By Topic: Delivery of Care Strategy and Innovation By Collection: Blog

 

The Increasingly Important Role of AI

Artificial intelligence is not a new field—it dates back to 1955. But in recent years, rapid advancements in hardware and software have significantly accelerated its development, unlocking powerful applications across industries, including healthcare. When integrated with robotic-assisted surgery, AI can be a transformative tool with the potential to enhance care delivery across specialties and clinical environments, empowering surgeons with actionable digital insights to help drive the future of patient care.

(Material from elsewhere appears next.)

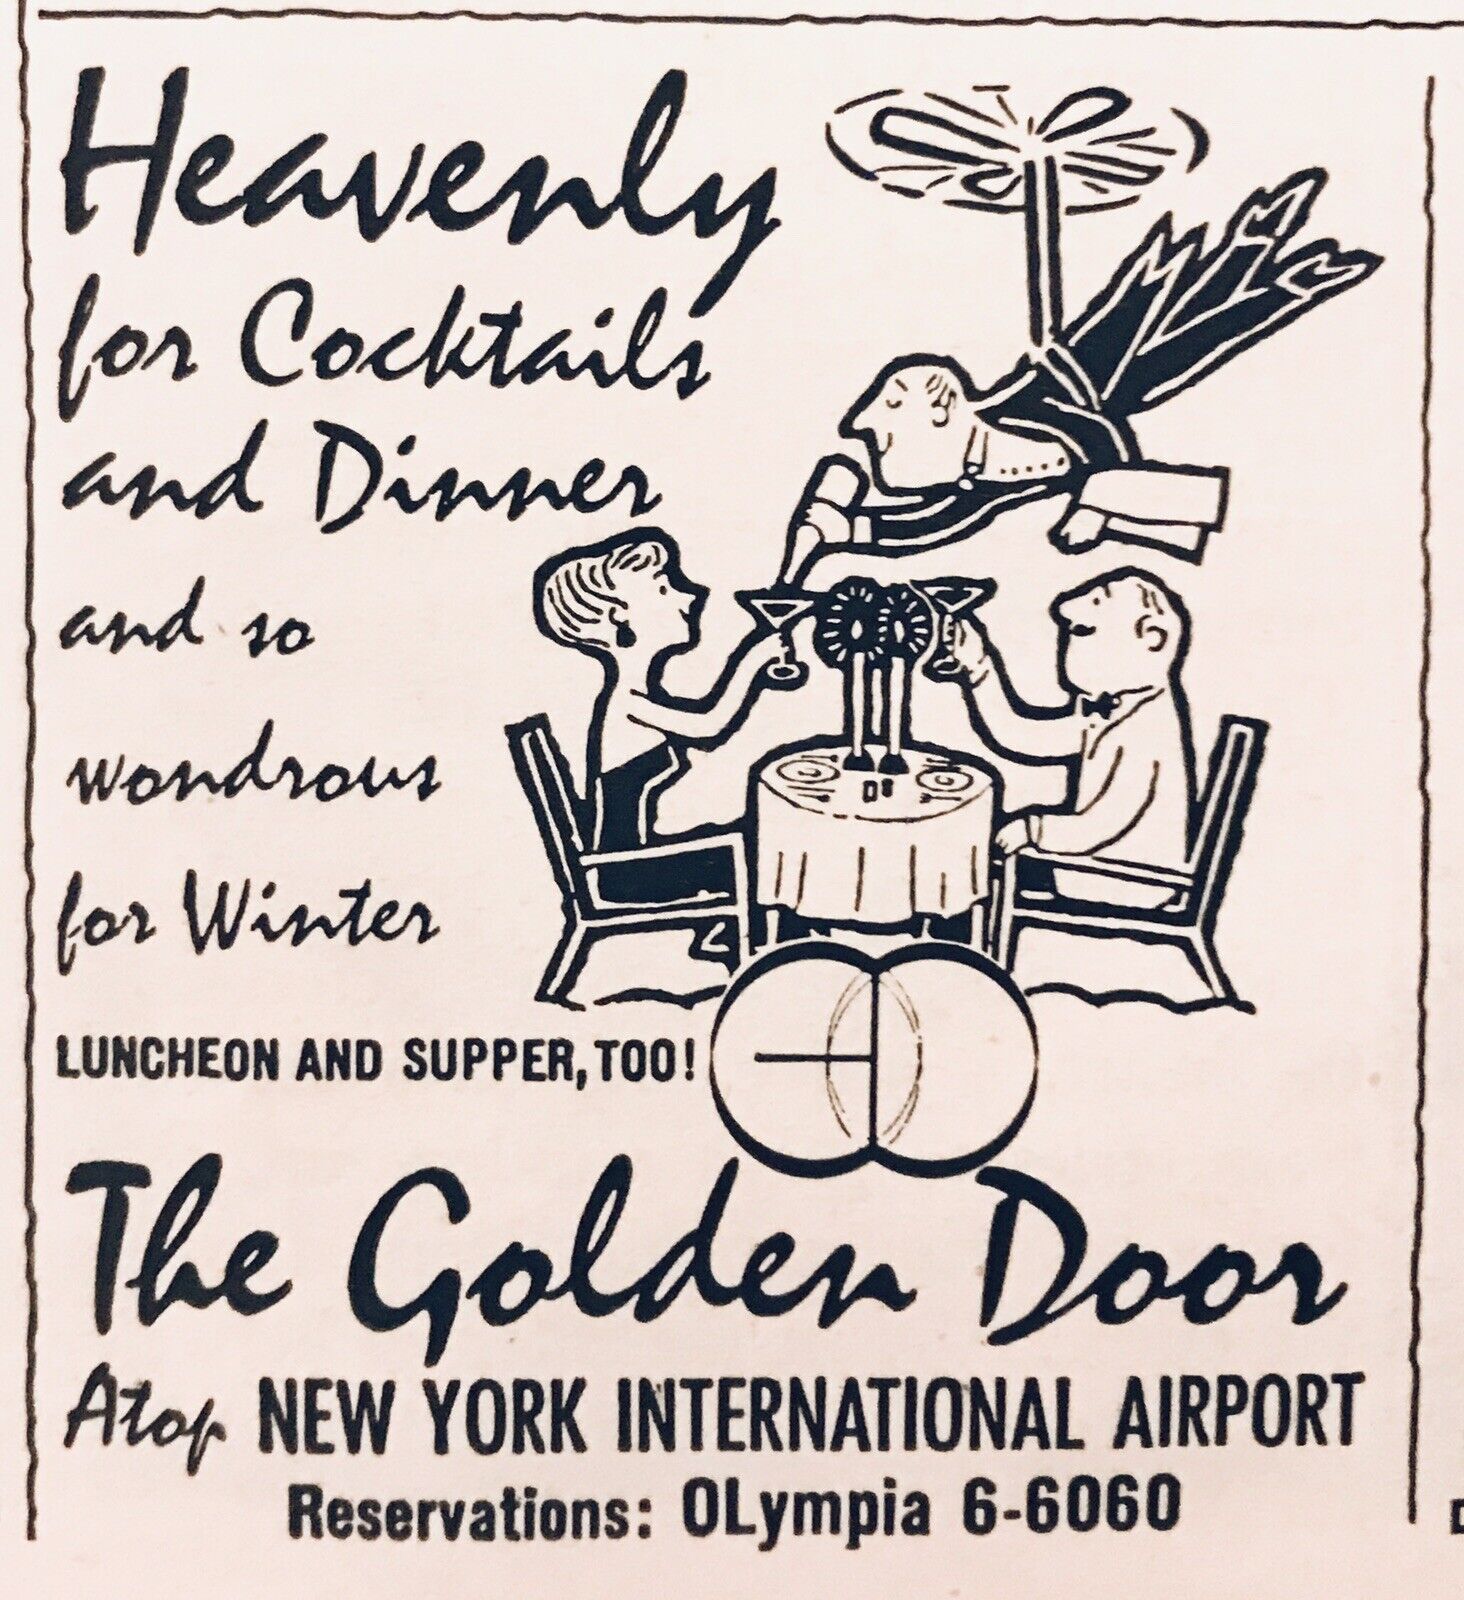 1958 Atop New York International Airport Golden Door Restaurant Bar 2.5\

Imagine the possibilities when robotic platforms utilize data and digital tools to help elevate the impact of surgeons and care teams—before, during and after a procedure. By turning good data into meaningful insights and translating those insights into action, AI-integrated robotic platforms could facilitate better clinical decisions that result in better outcomes.

To best explore this topic, we must understand what defines good surgery. This starts by measuring and objectively assessing data and characteristics of a surgical task. Robotic systems give us that opportunity and the foundation of a new field of research called surgical data science, where advanced, high-performing robotics converge with AI-based intelligent algorithms.

Consider this: AI excels at recognizing patterns and understanding complex variable interactions—precisely the kind of complexity found in surgery. We are only beginning to see its potential to help quantify what good surgery looks like, paving the way for better surgical training and more informed clinical decisions across the entire care continuum.

Think of the evolution of AI-enabled robotic surgery like a four-layer cake: each layer—from data capture and analysis to enhanced clinical decision-making, increased surgeon autonomy and real-time procedural guidance—builds upon the last, creating a more informed, more adaptive approach to surgery.

Layer one is the foundation: high-quality, connected data. By capturing rich, multimodal inputs—audio, video and system events—we can build a comprehensive view of what happens across the care pathway. The aim is to link procedural events to operational efficiency and clinical outcomes, enabling meaningful analysis and improvement. But, to generate reliable insights, the data must be accurate, complete and representative. Interoperability remains a considerable challenge—no single healthcare provider or medical device company holds the full picture. We need secure, robust systems for sharing data and building truly connected datasets to move forward.

Building on that data foundation, the next layer is about extracting insights that can directly influence outcomes. For example, imagine tracking the forces applied to tissue at critical moments during a procedure—data that could reveal what leads to better clinical results. Imagine if surgeons gained greater awareness from advanced, connected systems. An integrated platform that is part of a broader surgical data science strategy could use data (in a safe and robust way) to improve performance, optimize outcomes and elevate the standard of care. Better still, this could usher in an industry shift toward personalized, data-driven feedback loops in modern surgery.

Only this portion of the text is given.